Sunday, May 24, 2009

Rep. Jacque Clements's Conflict of Interest: What Happens When Laws Are Not Enforced

Both Josh Gillespie of Hoosier Access and Gary Welsh of Advance Indiana have excellent reports on conflict of interest troubles faced by Rep. Jacque Clements, a Republican from Clinton County. In short, Clements who had been Auditor of Clinton County, was employed by software vendor Manatron when she was selected at a Republican vacancy in 2004 to fill out the remainder of a state representative's term. She was subsequently re-elected in her own right.

Allegedly in 2004, Rep. Clements failed to note her employment with Manatron, which company received a contract with her Auditor's Office for tax billing software. That contract expired in 2007. Clements, elected to her state representative position, began working part-time as a Deputy Clinton County Auditor (she has since been terminated for allegedly misusing the county's email system.) By the time the Manatron contract ended in 2007, Rep. Clements had begun working for a company, Nikish, which was started by former Manatron employees. While employed by Nikish, Rep. Clements then acted on her own to negotiate a contract with Nikish that would allow the conversion of the Manatron data. A lawsuit filed by the county suggests that the Nikish software is non-compliant with state requirements and the county has incurred damages in having to reconvert the data for Manatron.

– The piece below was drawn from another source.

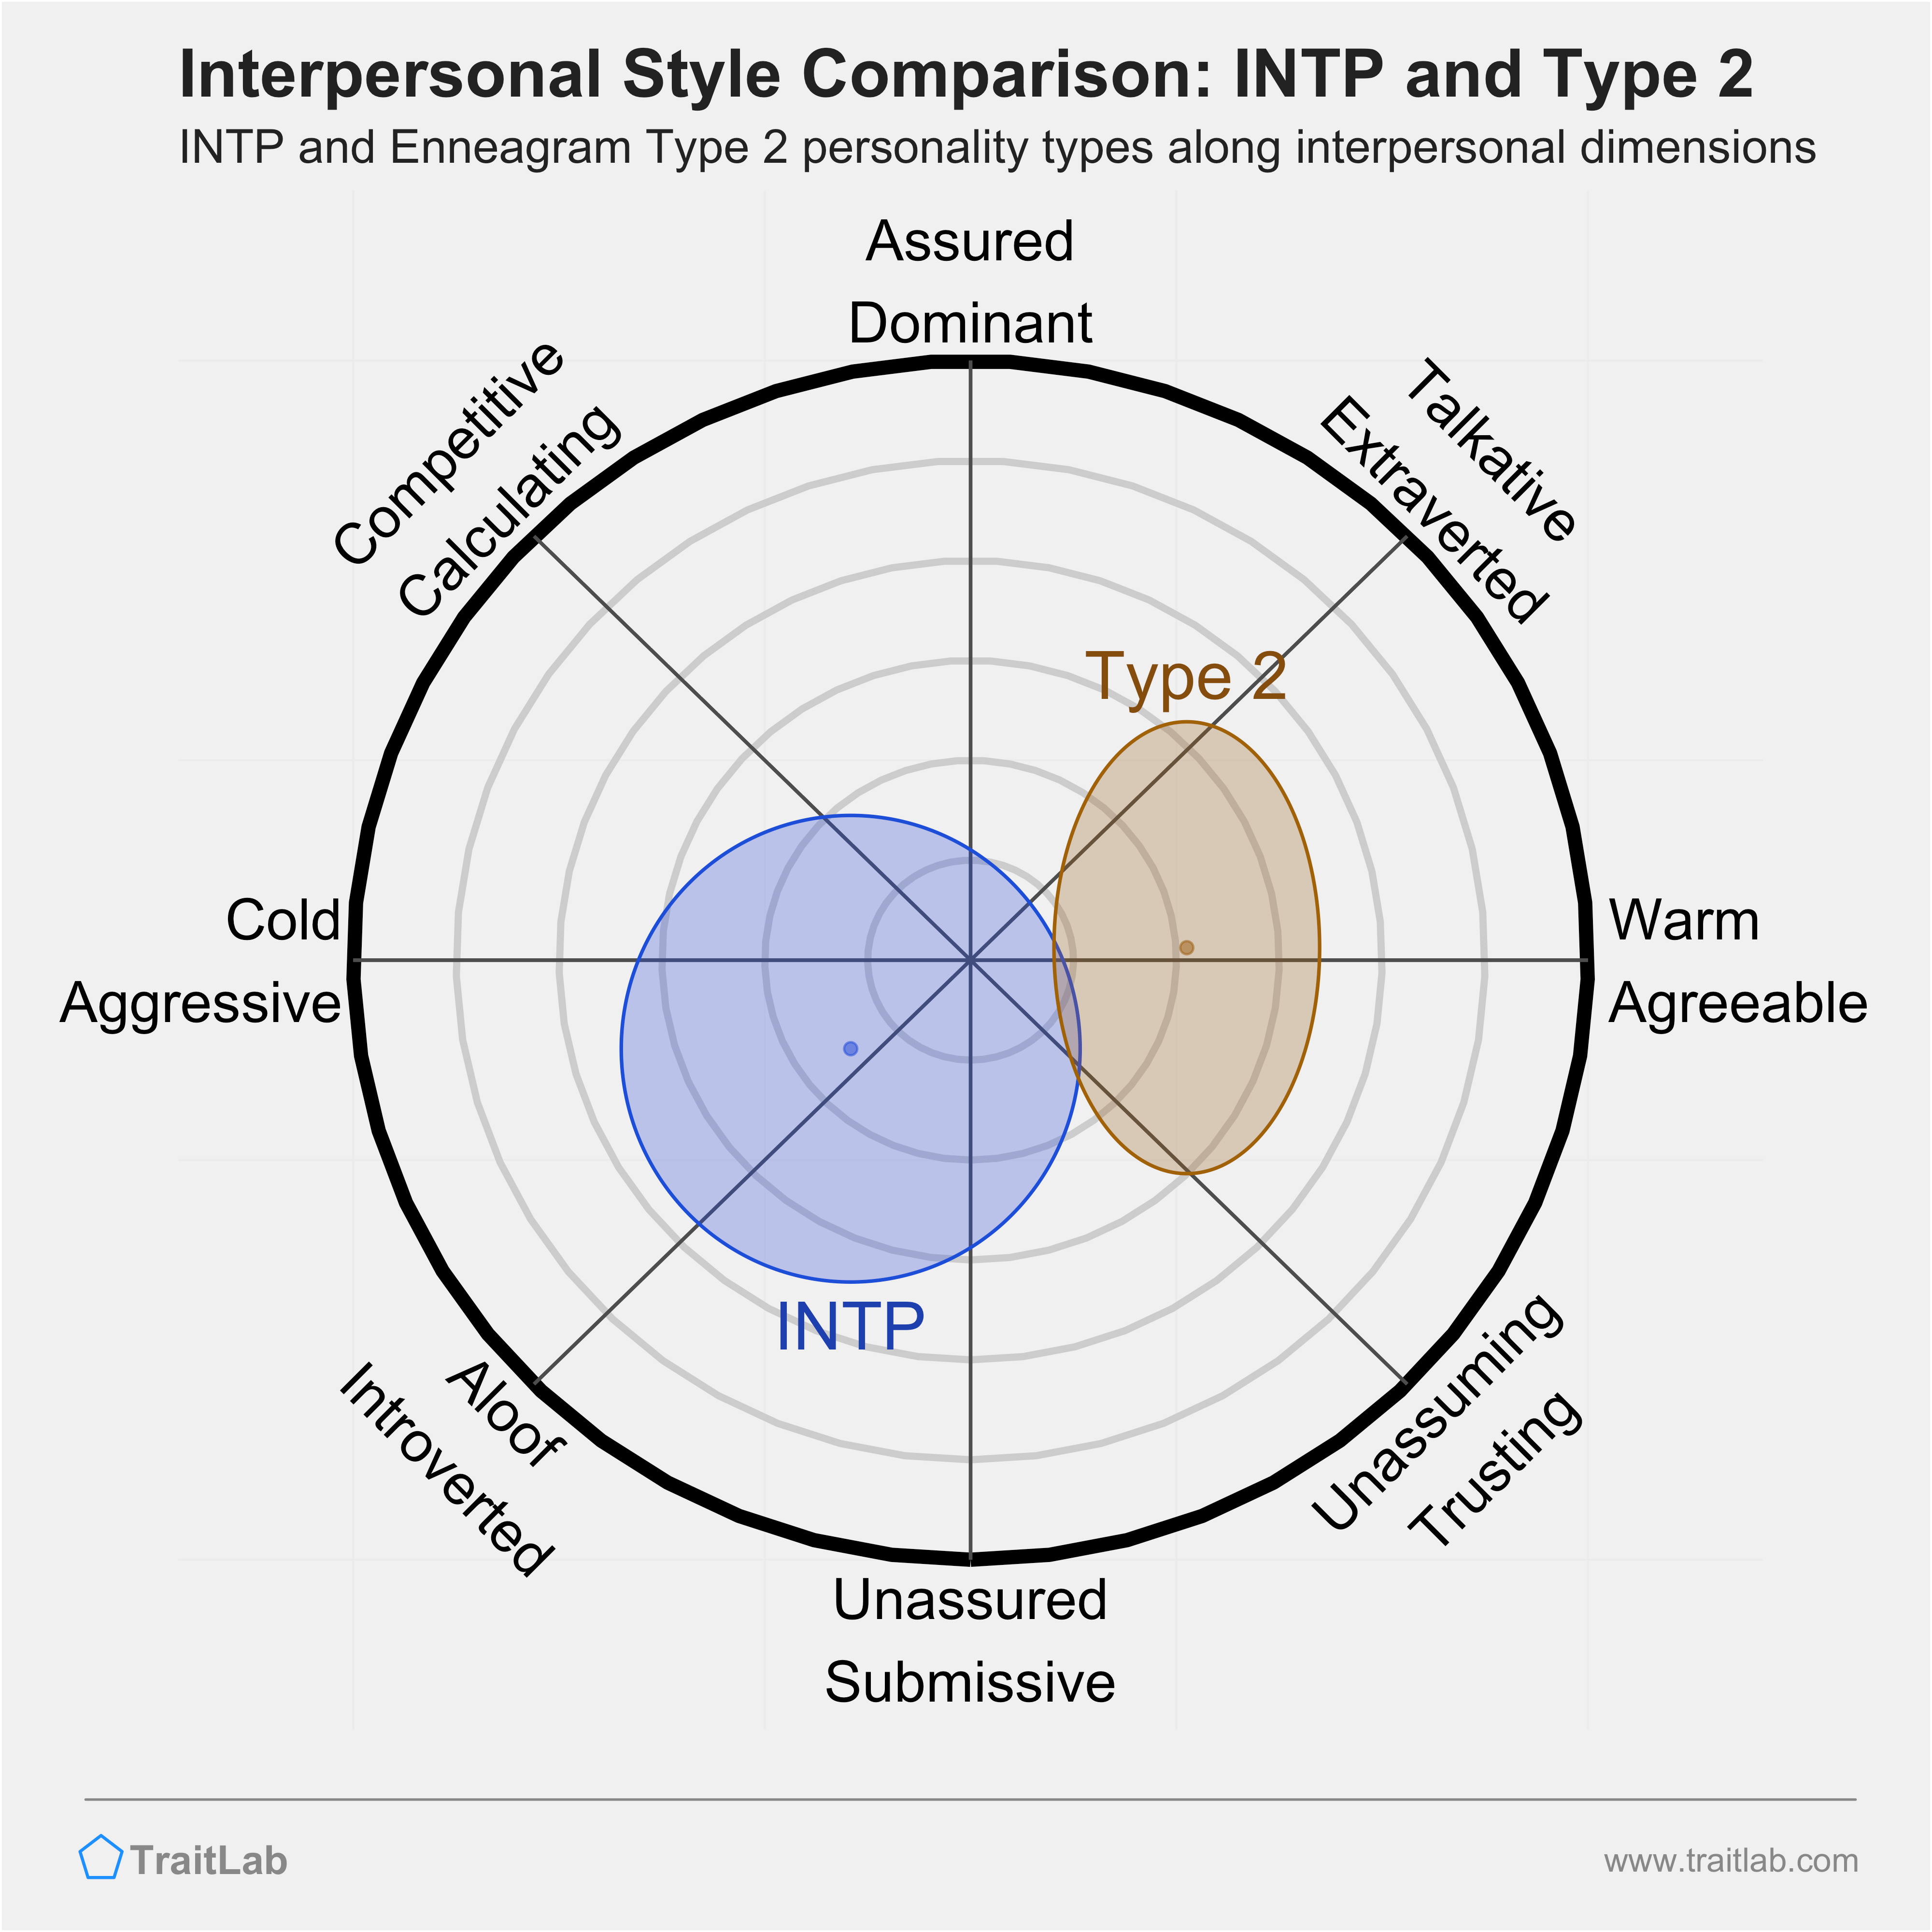 Enneagram INTP and Type 2 comparison across interpersonal dimensions

I'm not sure it would qualify as a "revolving door" problem since the allegation is that Rep. Clements was simultaneous employed by local government and, perhaps surreptitiously, the private vendors with which government was contracting. Certainly though it appears to be a case of a conflict of interest gone haywire.

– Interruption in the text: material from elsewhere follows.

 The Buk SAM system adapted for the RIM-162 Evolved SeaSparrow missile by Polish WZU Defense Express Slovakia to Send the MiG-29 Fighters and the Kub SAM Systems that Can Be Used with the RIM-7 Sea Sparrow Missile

While the alleged Clements' conflict of interest situation may appear to be extreme, certainly there are plenty of other examples of similar conflicts of interest all over the state. The growth of privatization has opened the door to government contractors, wanting to curry favor with government, shoveling jobs and money to past and present government officials as well as their family members.

In some cases, Indiana has insufficient laws to deal with such conflicts of interest. In other cases, we have law enforcement officials and county prosecutors who are simply uninterested in enforcing conflict of interest laws, especially when doing so might result in the prosecution of political allies. Public officials, seeing laws not being enforced, continue to push the conflict of interest envelope to even more brazen levels.

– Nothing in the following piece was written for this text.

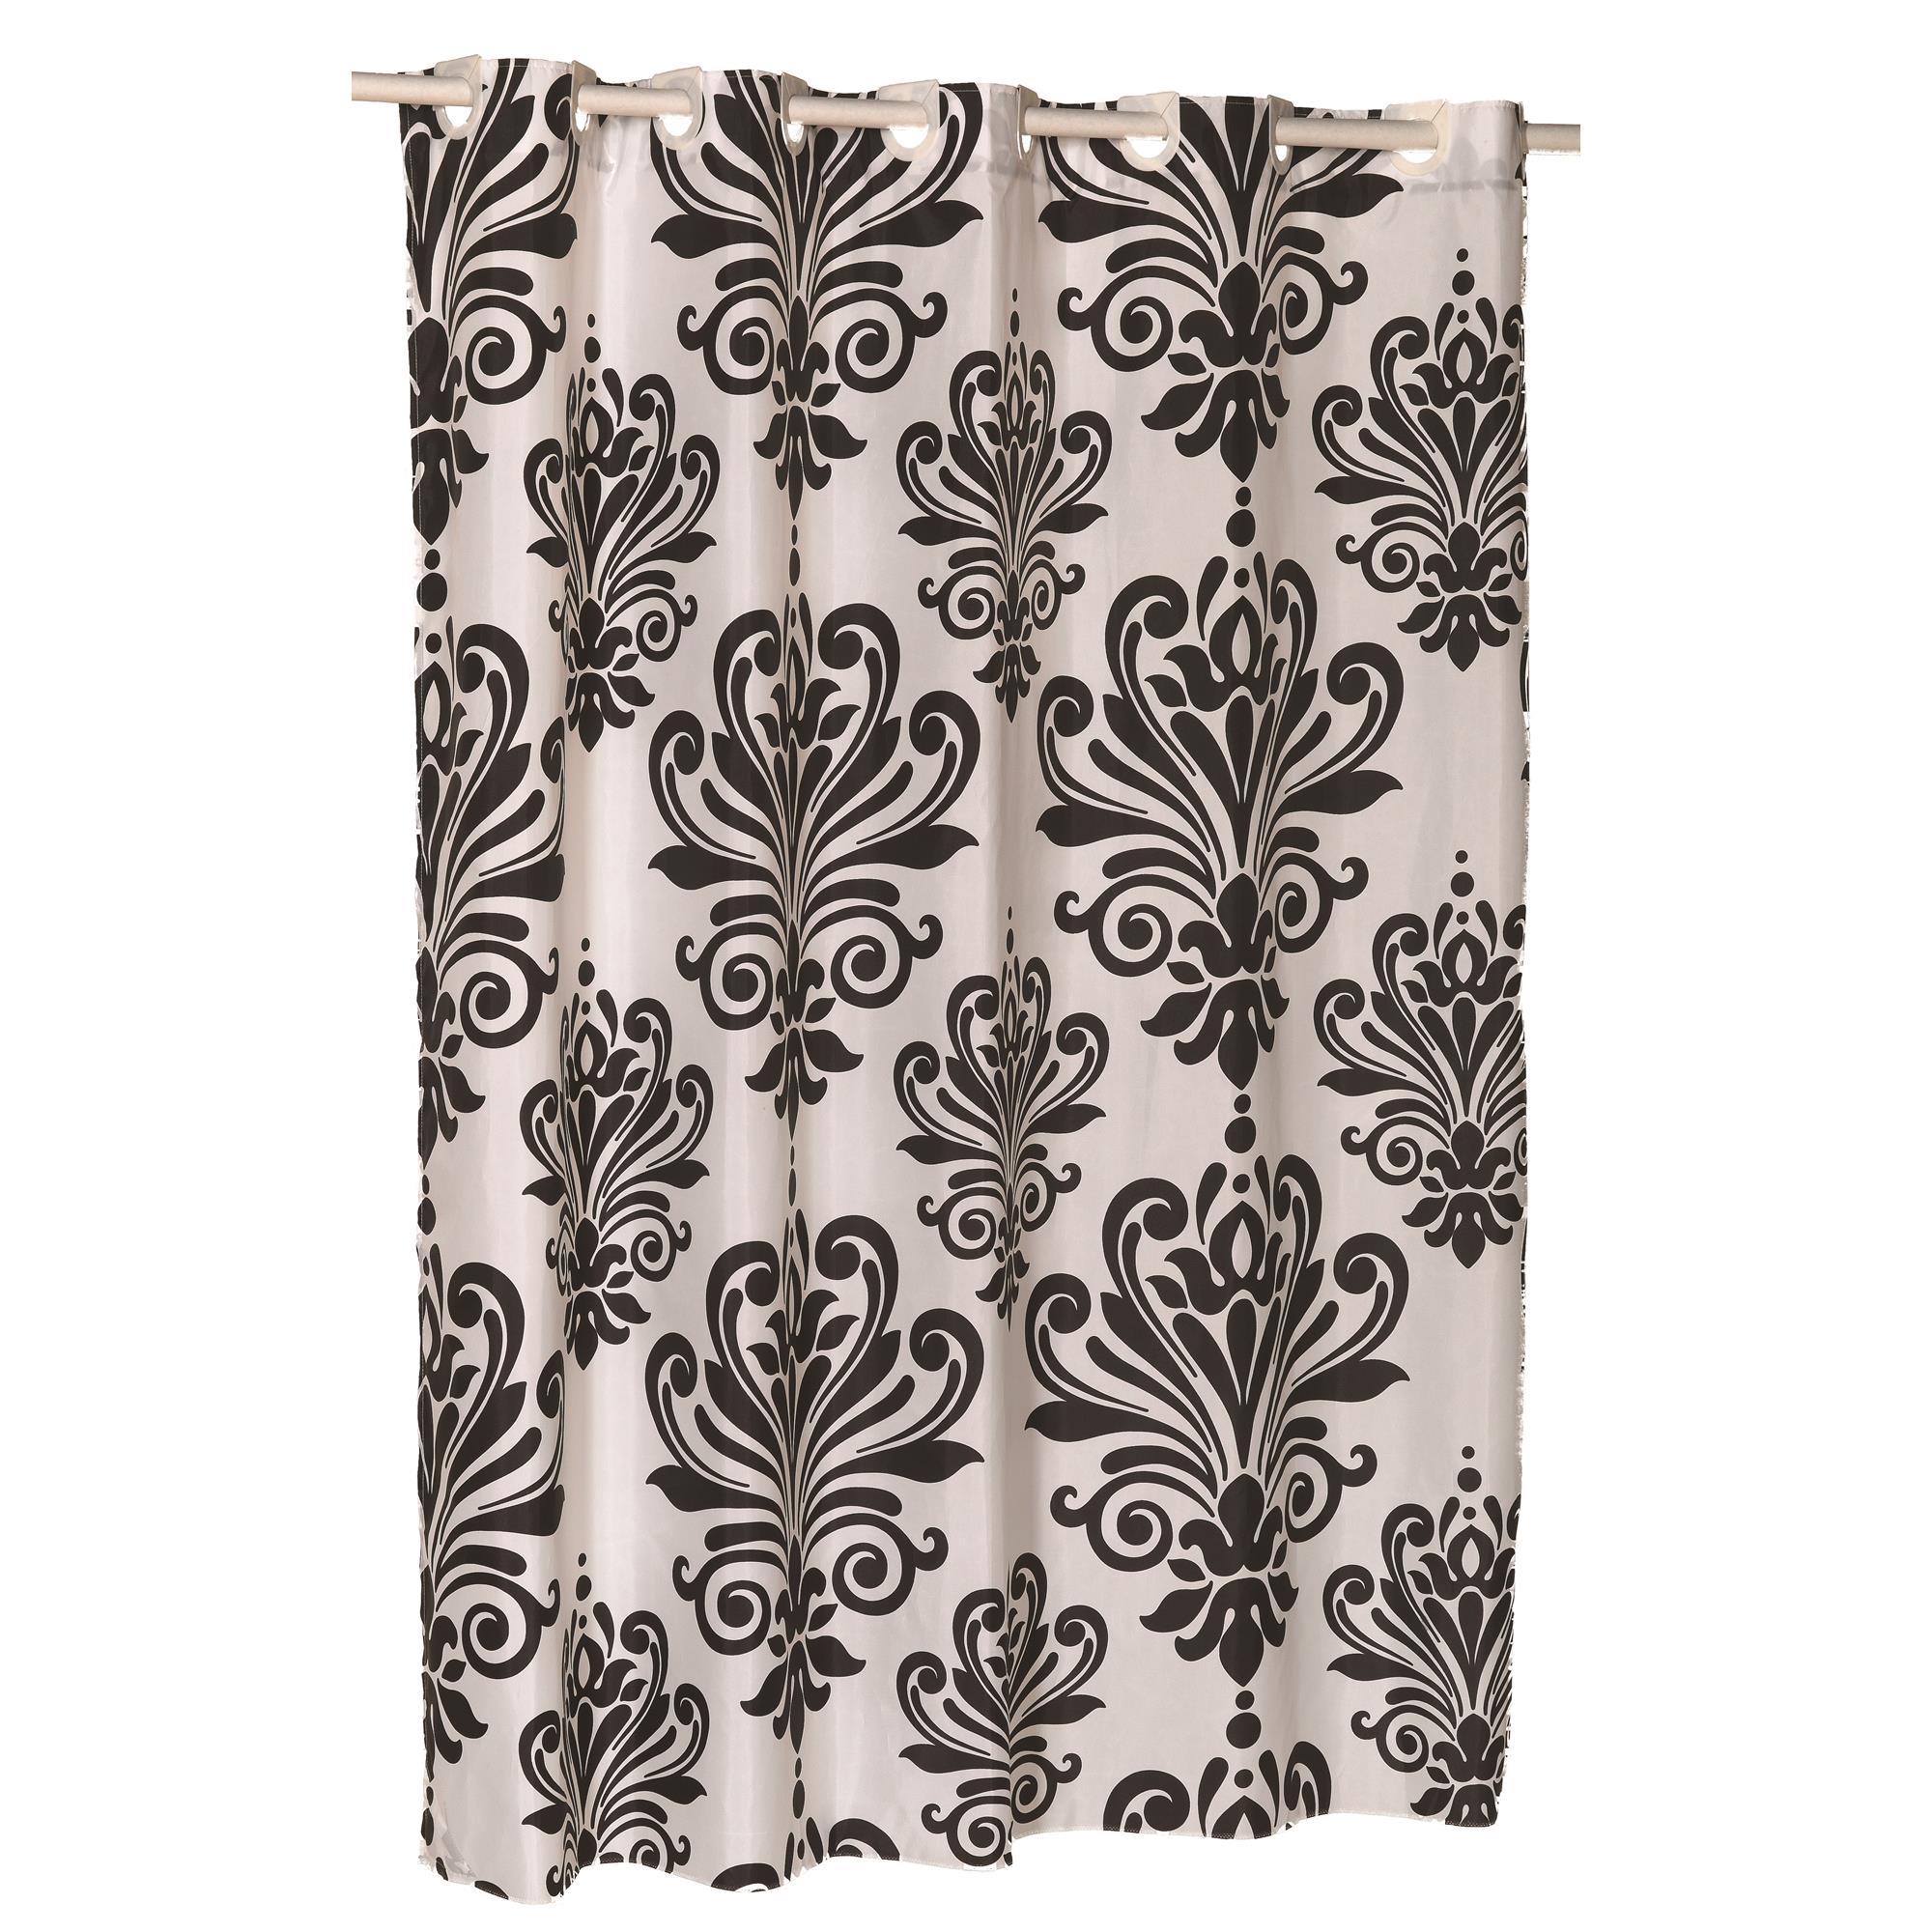 Polyester Shower Curtain, Ez On Shower Curtain

In addition to better and more strict conflict of interest laws, the Indiana General Assembly needs to consider giving the power to prosecute these white collar political crimes to someone other than the local county prosecutor. The Attorney General is an obvious candidate for such authority. Likewise, what would help is if President Obama appoints a U.S. Attorney for the Southern District who is aggressive about going after white collar crime and public corruption. Let's keep our fingers crossed. Hopefully the Clements' case will spark much needed changes.

2 comments:

Diana Vice said...

There's a story behind this story, Paul. The only reason that Jacque is the state representative in the first place is because of strong-armed politics on the part of the Clinton County GOP chairman. (Seems like we have a female version of Tom John in our county.) After Jim Buck's departure, precinct committeemen gathered to elect his replacement. The first round of voting put a Kokomo man (VanNatter) in the seat vacated by Jim Buck. There was a back door meeting after the first vote where the Clinton Co. Chairman basically threatened the precinct committeemen, and gave orders to vote for Jacque Clements during a second vote, which would place her on the ballot. One or two precinct committeemen did resign after being threatened. In the end, VanNatter served as state rep for the remainder of Buck's term, but Clements was placed on the ballot because of the strong armed tactics. You just reported the end result, and it's a huge black eye for the Clinton County GOP. There have been other embarassing problems brought to light recently involving Clinton County GOP office holders. It's time for new leadership in Clinton County, and I know a group of reputable citizens are quietly working on it behind the scenes.

Paul K. Ogden said...

Diana,

Thanks for the background. it does sounds like a smaller version of Marion County GOP politics up there.